Attualità

Cannes, Irlanda, Podemos

In questa rubrica continuo ad aggiungere appunti a dossiers già imbastiti, commentando l’arrivo di nuove circostanze. Per quanto riguarda il festival di Cannes, è da commentare il verdetto incredibile della giuria, che sembra aver voluto penalizzare e umiliare di proposito la partecipazione italiana. Si poteva anche evitare di dare il riconoscimento di miglior film sia a “Mia madre” di Moretti, in quanto già premiato in precedenza, sia a “Youth” di Sorrentino, in quanto appena premiato con l’Oscar. Ma in questi casi dovrebbe scattare un meccanismo di fair play, per cui un qualche riconoscimento, a una partecipazione oggettivamente importante come la nostra, andrebbe dato, questa almeno è una consuetudine seguita quasi sempre dai vari festival. E quale opportunità migliore se non dare il premio di miglior attore o attrice a Michael Caine o a Margherita Buy? Non averlo fatto, si spiega solo con un accanimento, con una villania compiuti di proposito. E dunque, male ha fatto il ministro Franceschini ad assistere alla premiazione. Se avvisato per tempo, avrebbe dovuto cancellare la sua presenza, o se invece sorpreso dal verdetto, avrebbe dovuto andarsene con gesto volutamente plateale. In fondo, egli doveva tutelare anche gli interessi economici della cinematografia italiana. In compenso, sarà molto difficile vedere sugli schermi normali i film premiati, il circuito commerciale li respingerà come indigesti.
L’altra notizia del giorno è l’esito del referendum che nella cattolica Irlanda ha accolto il matrimonio delle coppie gay. Io ritengo che situazioni del genere debbano essere riconosciute con la modalità delle unioni civili, assicurando alle coppie che si presentino davanti a un funzionario ufficiale una sostanziale parità di diritti rispetto ai coniugi tradizionali, e cioè, diritto di eredità, reversibilità delle pensioni, trattamento sanitario per entrambi, e così via. Ma non matrimonio, dato che nella parola stessa è implicito un connotato fisiologico insopprimibile, aggravato se poi si pensa alla definizione di “seminarium gentium”, il che implica pure che chi rinuncia in partenza all’applicabilità di questa clausola dovrebbe parimenti rinunciare alla pretesa di avere figli per via adottiva. In fondo, chi partecipa a una situazione di omosessualità non si può dire affetto da una qualche forma di malattia, sarebbe accedere all’interpretazione senza dubbio filistea dei “normali” che vedono in questa condotta una sorta di perversione. E dunque, si tratta di libera scelta, a livello psicologico-esistenziale, non dettata da qualche malformazione o sterilità, e dunque, perché pretendere di avere figli?
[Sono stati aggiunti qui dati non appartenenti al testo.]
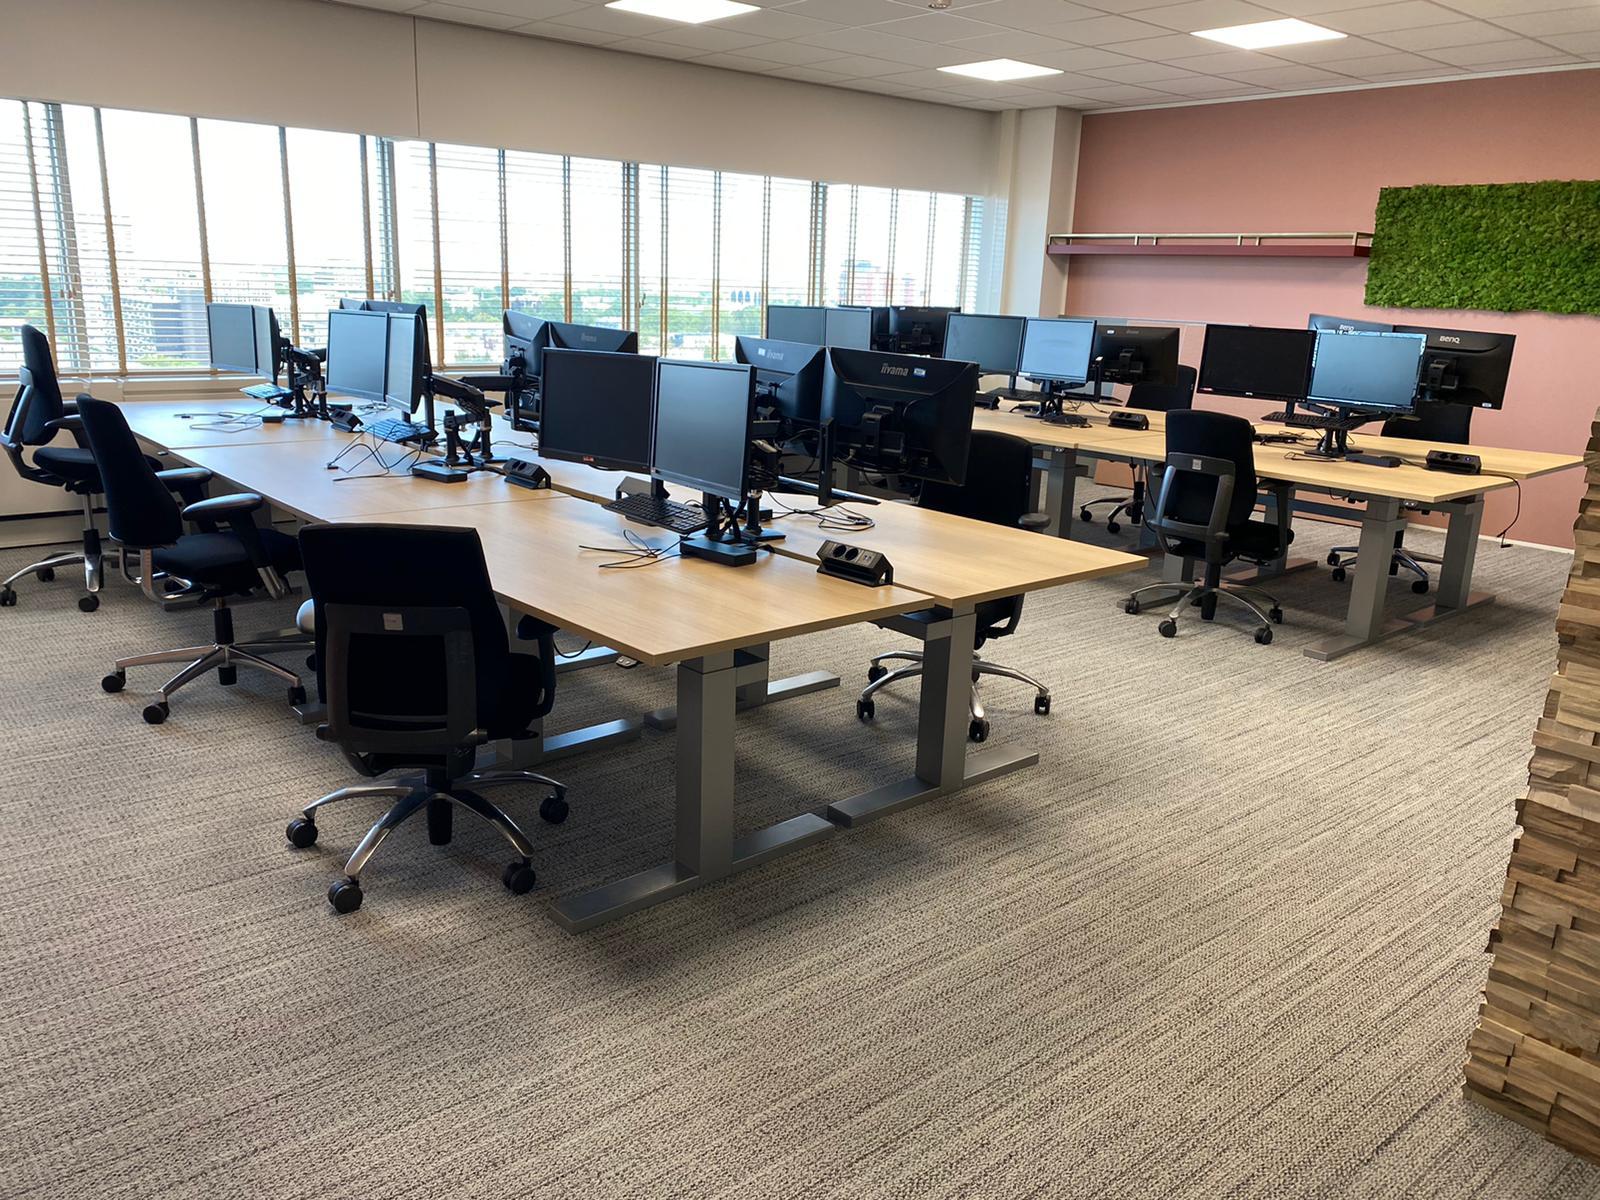 Werkplek bekabeling - kabelmanagement - ergonomisch - snoeren wegwerken - monitorarmen - kantoorinrichting

E come una comunità potrebbe affidarli, come potrebbe evitare il timore che una coppia, convinta della sua scelta omosessuale, si senta quasi in diritto di educare a una simile opzione anche la prole? Il che potrebbe avvenire pure in via subliminale, non voluta. Una volta tanto, mi sono trovato d’accordo con un articolo sul “Corriere” di Pietro Citati, che ricordava quanto la dichiarazione di omosessualità risponda a un atto d’orgoglio, di assunzione di una volontaria diversità. E dunque, perché degradare un simile atto nelle sue prerogative cercando di simulare una condizione di paternità? Naturalmente, ammissibile, questa, se uno dei partner nella sua esistenza precedente avesse procreato.
La pronuncia irlandese a favore dei matrimoni gay è certamente dovuta ai giovani elettori, pronti a votare contro tutto ciò che abbia il sapore di provenire dalla società dei padri, degli anziani, considerata punitiva nei loro confronti. Sono gli stessi giovani che in Spagna hanno alimentato il voto della lista “Podemos”, e che anche da noi ingrossano le file dei Cinque stelle, con l’effetto di non schiodarsi dal più del 20% di cui continuano a godere nei sondaggi. Purtroppo simili esiti elettorali, non in quello irlandese perché là si è trattato di votare secco per un unico quesito, si rivelano poi impotenti, “possono” sì, nella cabina elettorale, ma poi alla lunga risultano inconcludenti. Però i partiti ufficiali devono prendere atto dell’esistenza di questa grossa spina al fianco, e ritengo che debbano reagire non già irrigidendosi, o restringendo i loro statuti, bensì allargandoli. Ci vogliono insomma partiti liquidi, aperti, il modello statunitense è quello che risulta al giorno d’oggi il più efficiente. Insomma, l’unica è di cercare di riprendere e di inglobare queste masse di giovani legittimamente protestatari, che colgono a volo ogni occasione per opporsi, anche se poi non riescono a portare a casa nessun esito positivo.